Open Ildesigns opened 2 years ago

CalSeedy commented 2 years ago

I think the modal colour returned by GetModalColour() is being ignored when checking pixels' viability.

I implemented a static method for converting the bitmap to grayscale (this also effectively divides the computation by 3, since the rgb values become the same), the algorithm still prefers White.
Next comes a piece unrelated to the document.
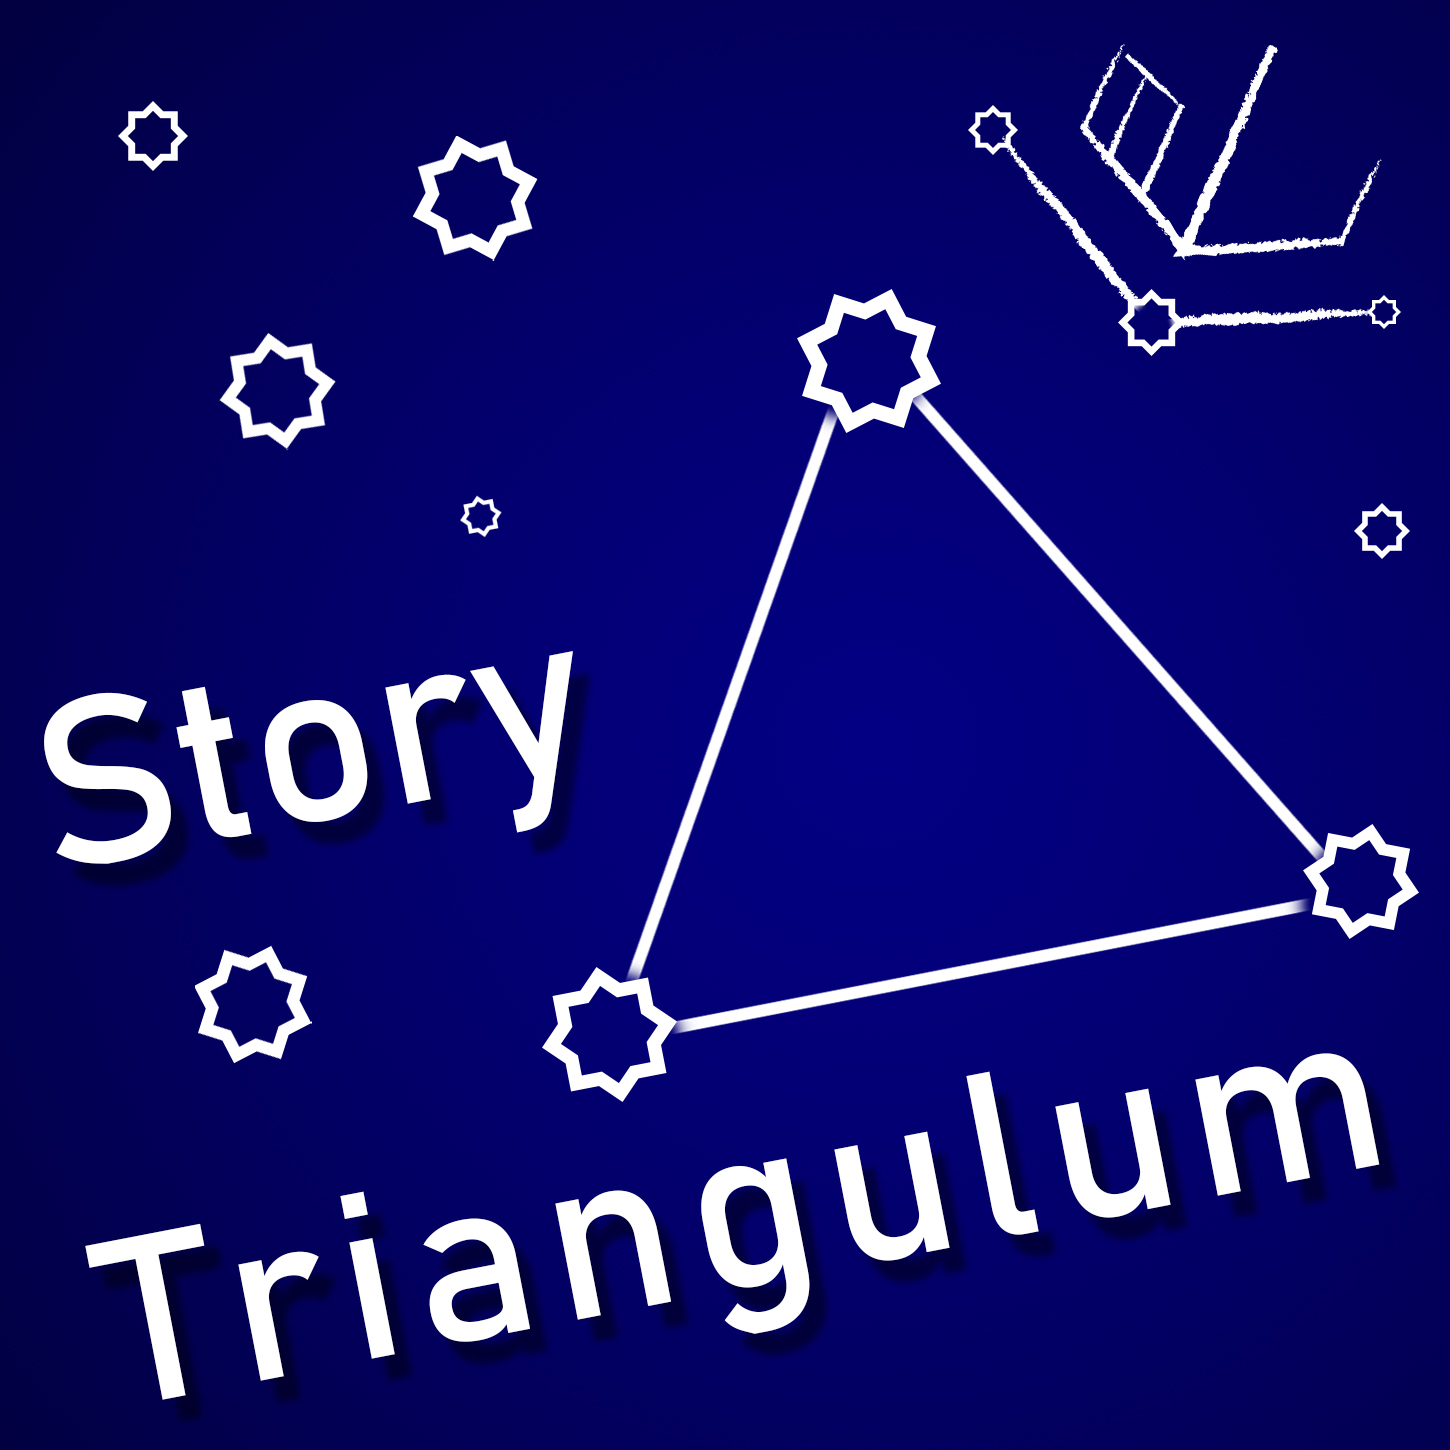 Lesson 01: Story Triangulum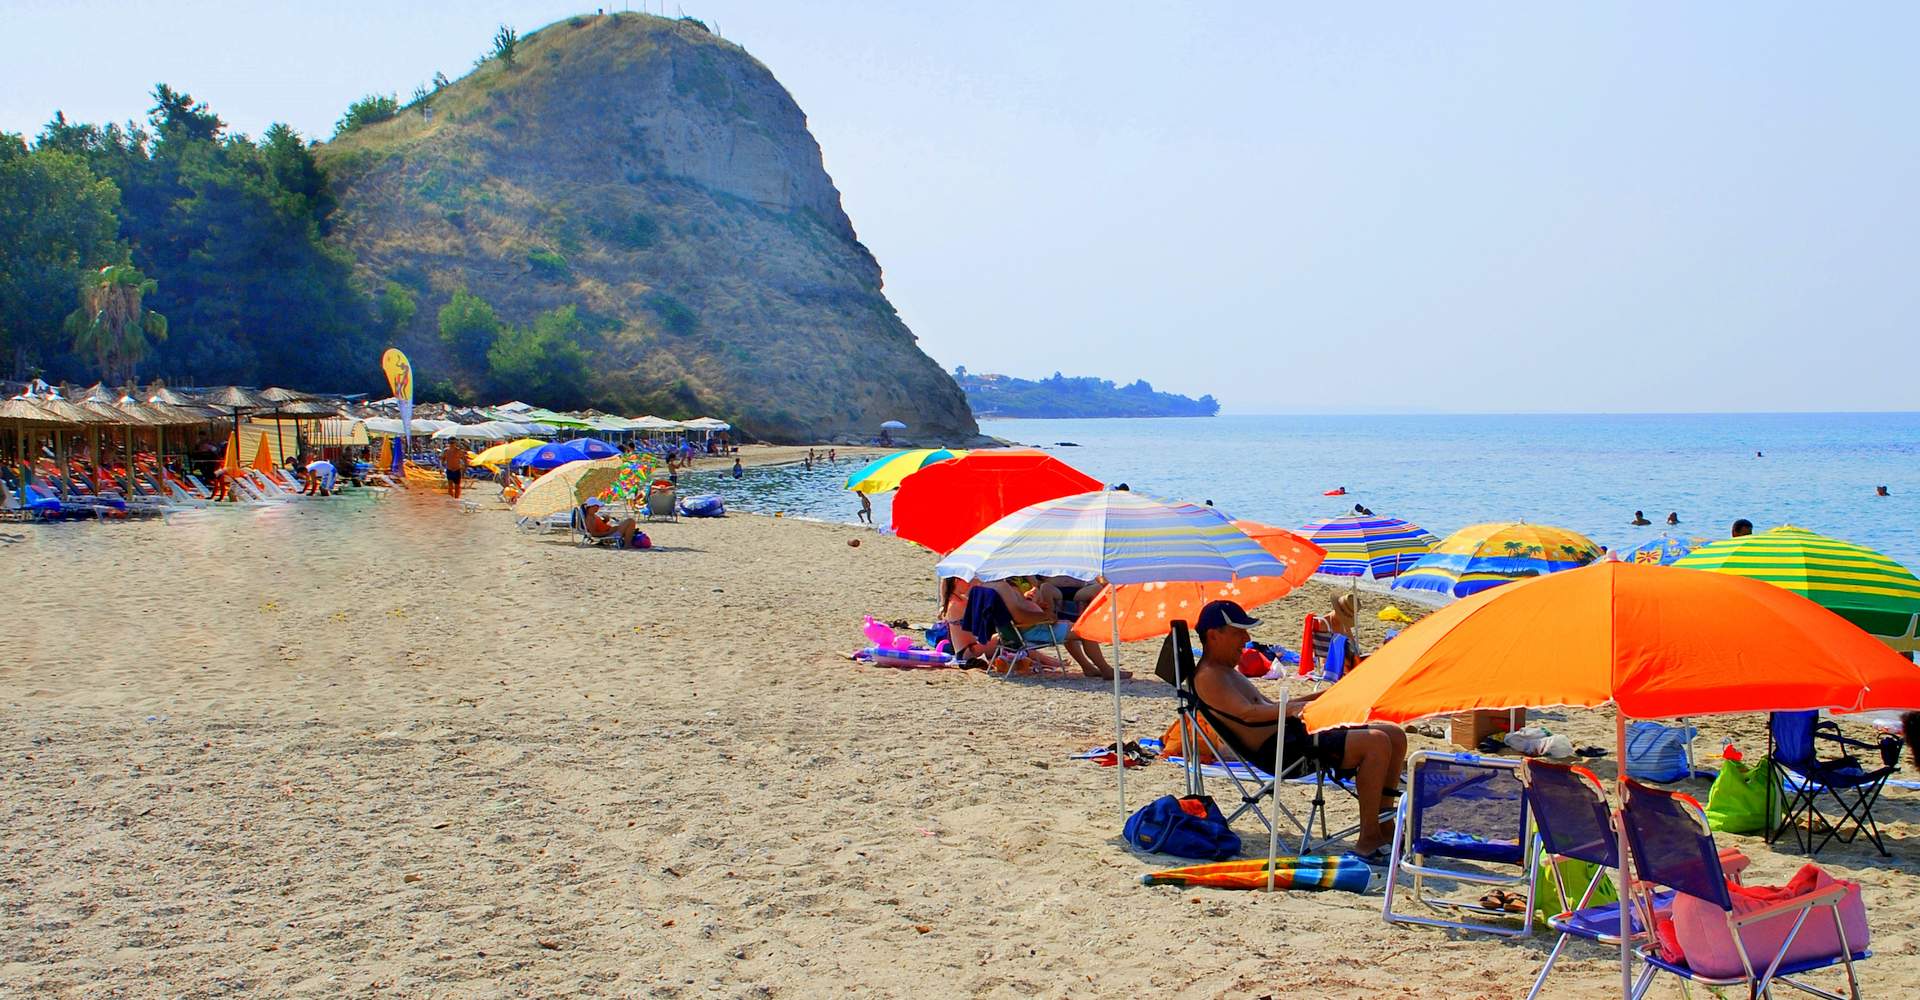 Vergia beach, Halkidiki, Greece

// Can just hardcode these values later, makes sense here to understand where it is coming from
private static readonly float[] LuminanceVector = { 0.3086f, 0.6094f, 0.0820f };
private static readonly ColorMatrix GrayscaleColourMatrix = new ColorMatrix( new float[][]{ 
        new float[] { LuminanceVector[0], LuminanceVector[0], LuminanceVector[0], 0.0f, 0.0f },
        new float[] { LuminanceVector[1], LuminanceVector[1], LuminanceVector[1], 0.0f, 0.0f },
        new float[] { LuminanceVector[2], LuminanceVector[2], LuminanceVector[2], 0.0f, 0.0f },
        new float[] { 0.0f, 0.0f, 0.0f, 1.0f, 0.0f },
        new float[] { 0.0f, 0.0f, 0.0f, 0.0f, 1.0f }
    });
// Conversion (using saturation) taken from here http://www.graficaobscura.com/matrix/index.html
public static Bitmap ConvertToGrayscale(Bitmap original)
{
    /// <summary>
    /// Convert input bitmap colour data to grayscale. Copies original's data and modifies that.
    /// </summary>
    /// <param name="original">Input (coloured) bitmap image</param>
    /// <returns>Bitmap</returns>
    Bitmap outBMP  = new Bitmap(original.Width, original.Height);

     // Easier/faster to "overwrite" a new bmp with the original image, passing in a colour matrix to use - a grayscale one
     // Using 'using' to have automatic cleanup after use
     using (Graphics g = Graphics.FromImage(outBMP))
     {
          using (ImageAttributes attrs = new ImageAttributes())
          {
              attrs.SetColorMatrix(GrayscaleColourMatrix);

              g.DrawImage(original, new Rectangle(0, 0, original.Width, original.Height), 
                        0, 0, original.Width, original.Height, GraphicsUnit.Pixel, attrs);
           }
      }

     return outBMP;
}

Test3.bmp using the TopLeftOptimiser, the grayscale converter before the WhiteSpaceFinder is initalised, with the correct settings (autoDetectBackgroundColour = true and branching based on that @ L38 in SearchMatrix.cs). Test3TopLefttOptimiser-grayscale

Visualising the mask, we can see the regions the mask picks as good (green) and bad (red) Test3TopLefttOptimiser-grayscale-Mask

It just completely ignores the colour, even after calculating a modal colour that isn't white.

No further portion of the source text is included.